First, Zivotofsky contends that section 214(d) remedies the State Department’s discriminatory policy against supporters of Israel. He notes that an individual born in Tel Aviv or Haifa after 1948 may list as his place of birth either “Israel” or his local birthplace if he objects to including “Israel.” See 7 FAM 1383.5^ (JA 114). An individual born in Jerusalem after 1948, as we have discussed, may not choose between a country and a locality; rather, his place of birth must be listed as “Jerusalem.” See 7 FAM 1383.5-6 (JA 115). Zivotofsky laments that “[n]o matter where in Jerusalem an American citizen may be born ... he or she does not have the option given to American citizens born in Tel Aviv or Haifa to choose whether to record the country or city of birth.” Br. for Appellant 57. We do not decide the merits of this contention because Zivotofsky did not make it in district court and it is therefore waived. See, e.g., Jicarilla Apache Nation v. U.S. Dep’t of Interior,
Second, Zivotofsky argues that President George W. Bush’s signing statement—indicating that section 214 is, in his view, unconstitutional—is invalid because he should have instead vetoed the enactment to register his objection. The signing statement is irrelevant. Even if the signing statement were before us and we were somehow to find it wanting, that conclusion would have no effect on the Secretary’s enforcement of section 214(d) today.
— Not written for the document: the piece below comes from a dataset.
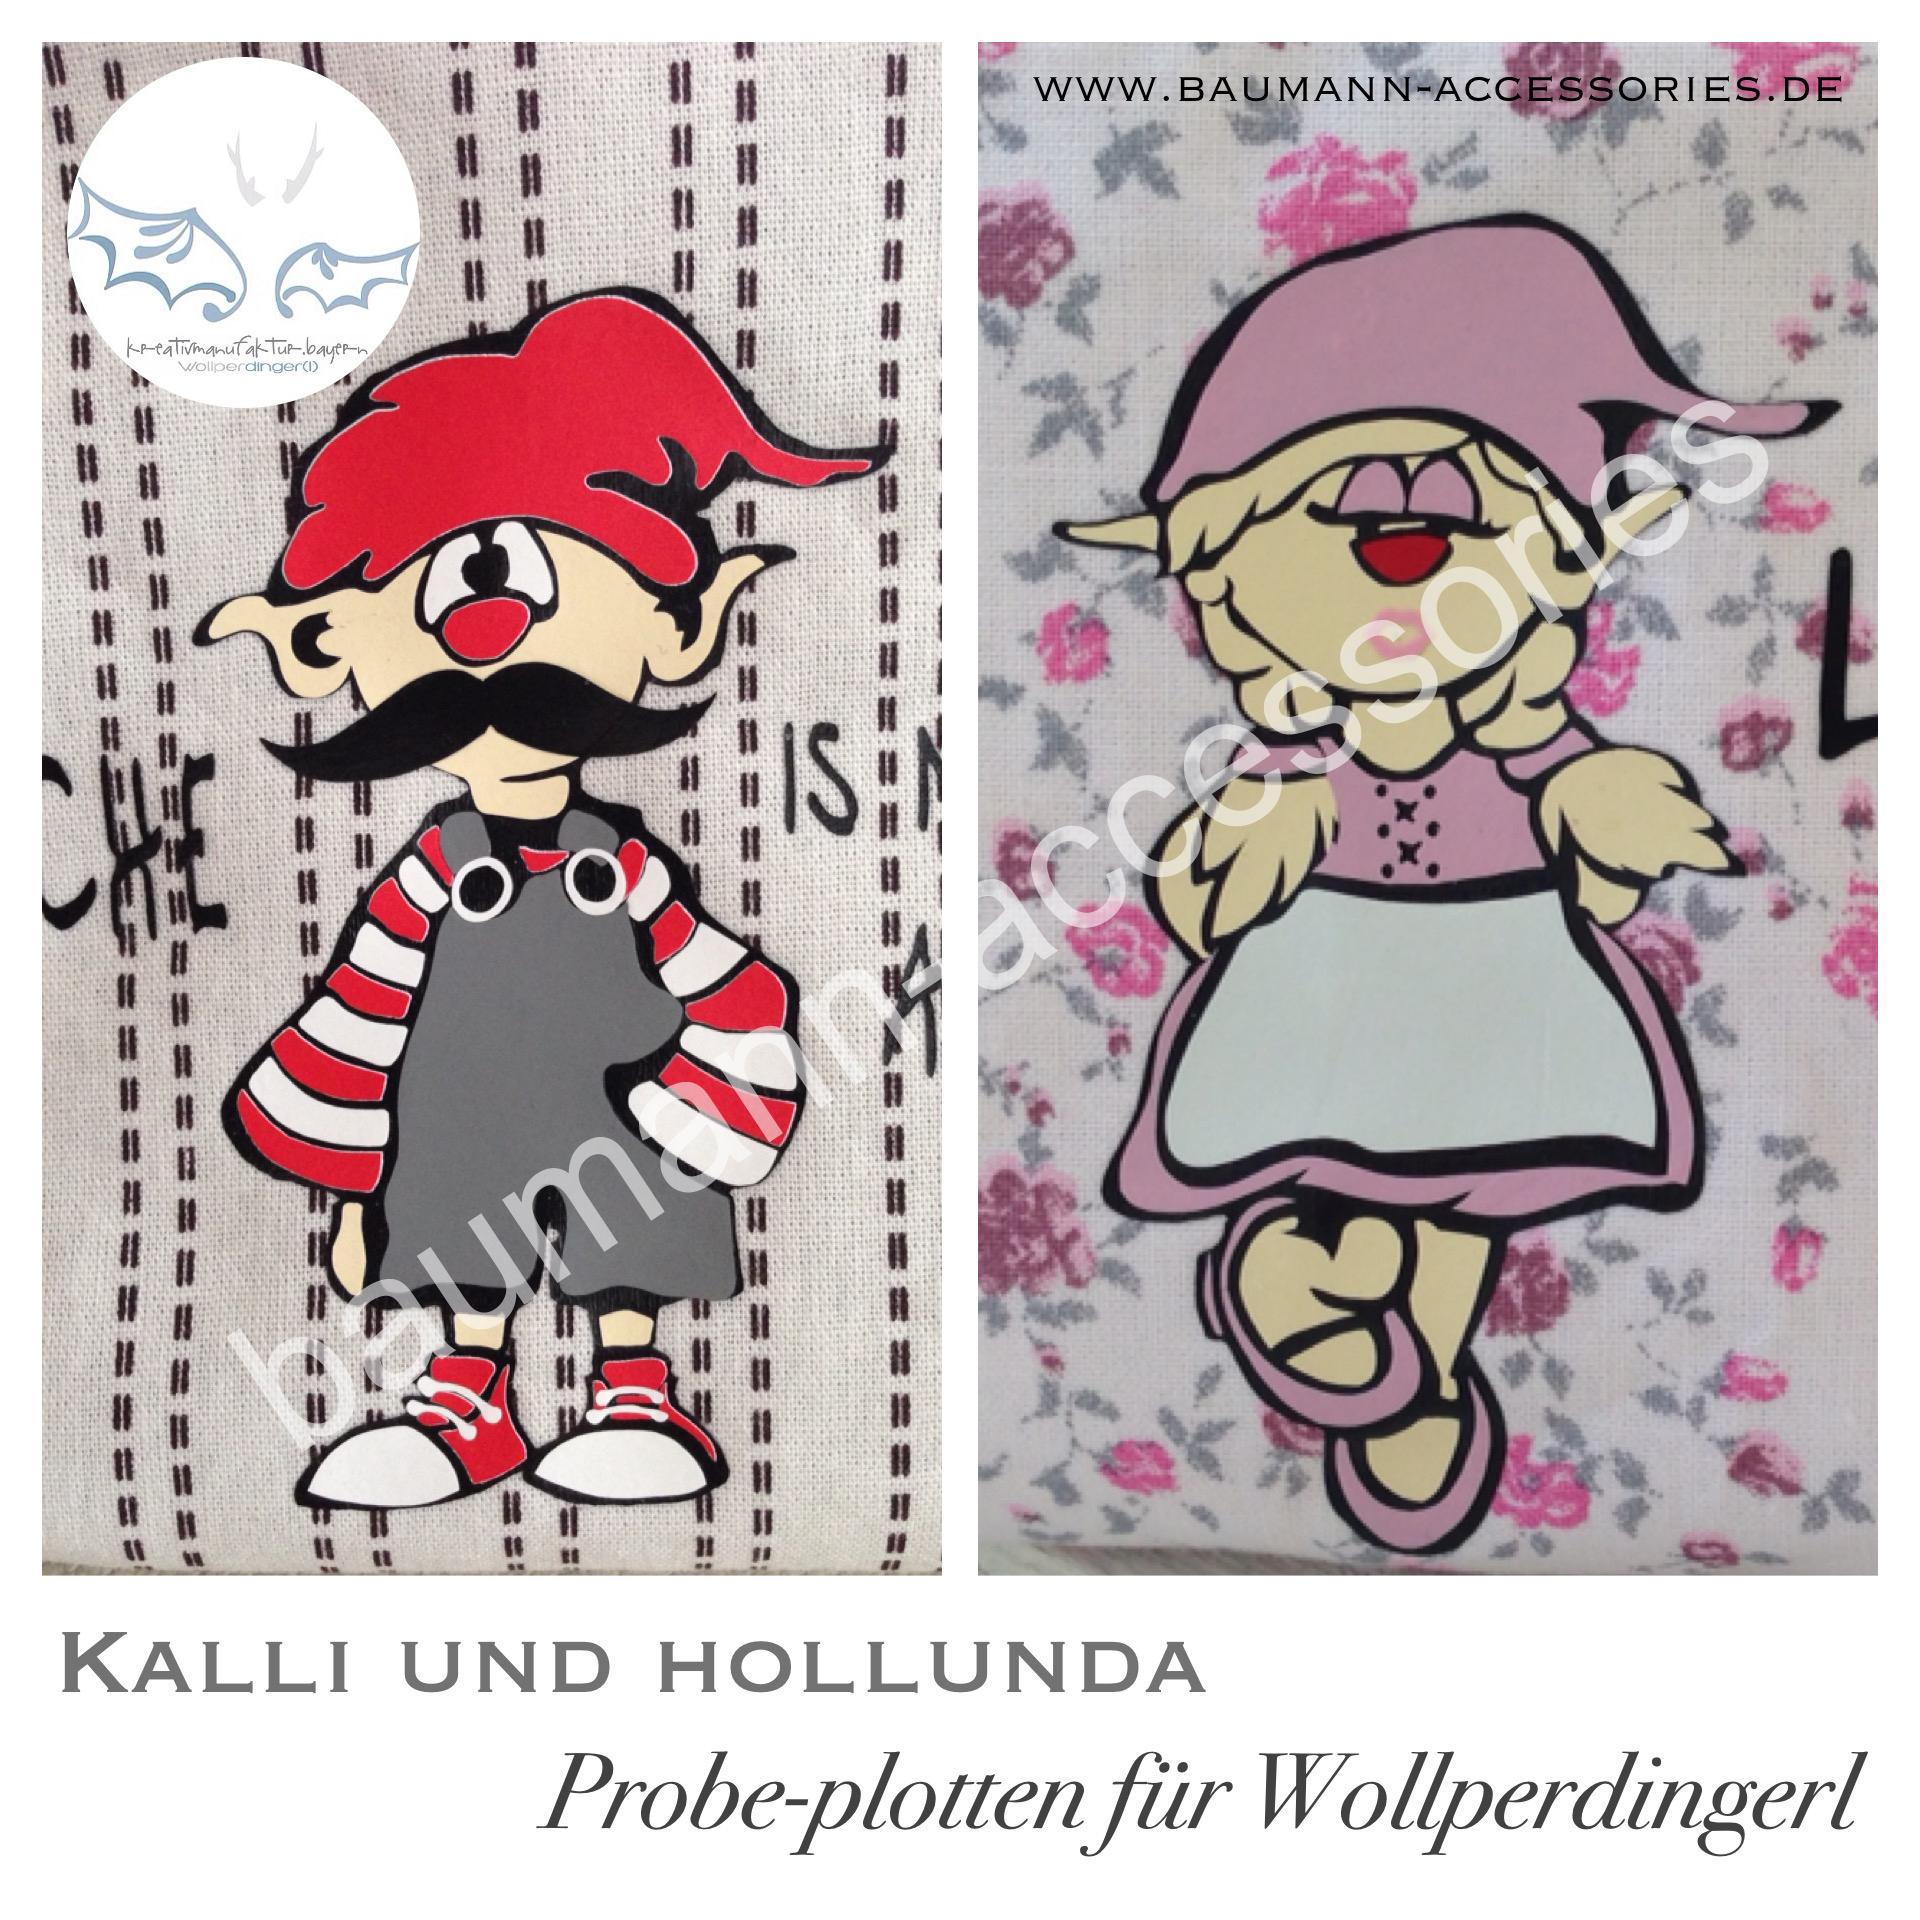 Hollunda & Kalli

For the foregoing reasons, we affirm the judgment of the district court dismissing the complaint on the alternative ground that section 214(d) impermissibly infringes on the President’s exercise of the recognition power reposing exclusively in him under the Constitution and is therefore unconstitutional.
So ordered.
Notes
. All FAM provisions cited herein refer to the 2002 version, which was in effect during the relevant events.
. Section 214 provides in full:
SEC. 214. UNITED STATES POLICY WITH RESPECT TO JERUSALEM AS THE CAPITAL OF ISRAEL.
(a) CONGRESSIONAL STATEMENT OF POLICY.—The Congress maintains its commitment to relocating the United States Embassy in Israel to Jerusalem and urges the President, pursuant to the Jerusalem Embassy Act of 1995 (Public Law 104-45; 109 Stat. 398), to immediately begin the process of relocating the United States Embassy in Israel to Jerusalem.
(b) LIMITATION ON USE OF FUNDS FOR CONSULATE IN JERUSALEM.— None of the funds authorized to be appropriated by this Act may be expended for the operation of a United States consulate or diplomatic facility in Jerusalem unless such consulate or diplomatic facility is under the supervision of the United States Ambassador to Israel.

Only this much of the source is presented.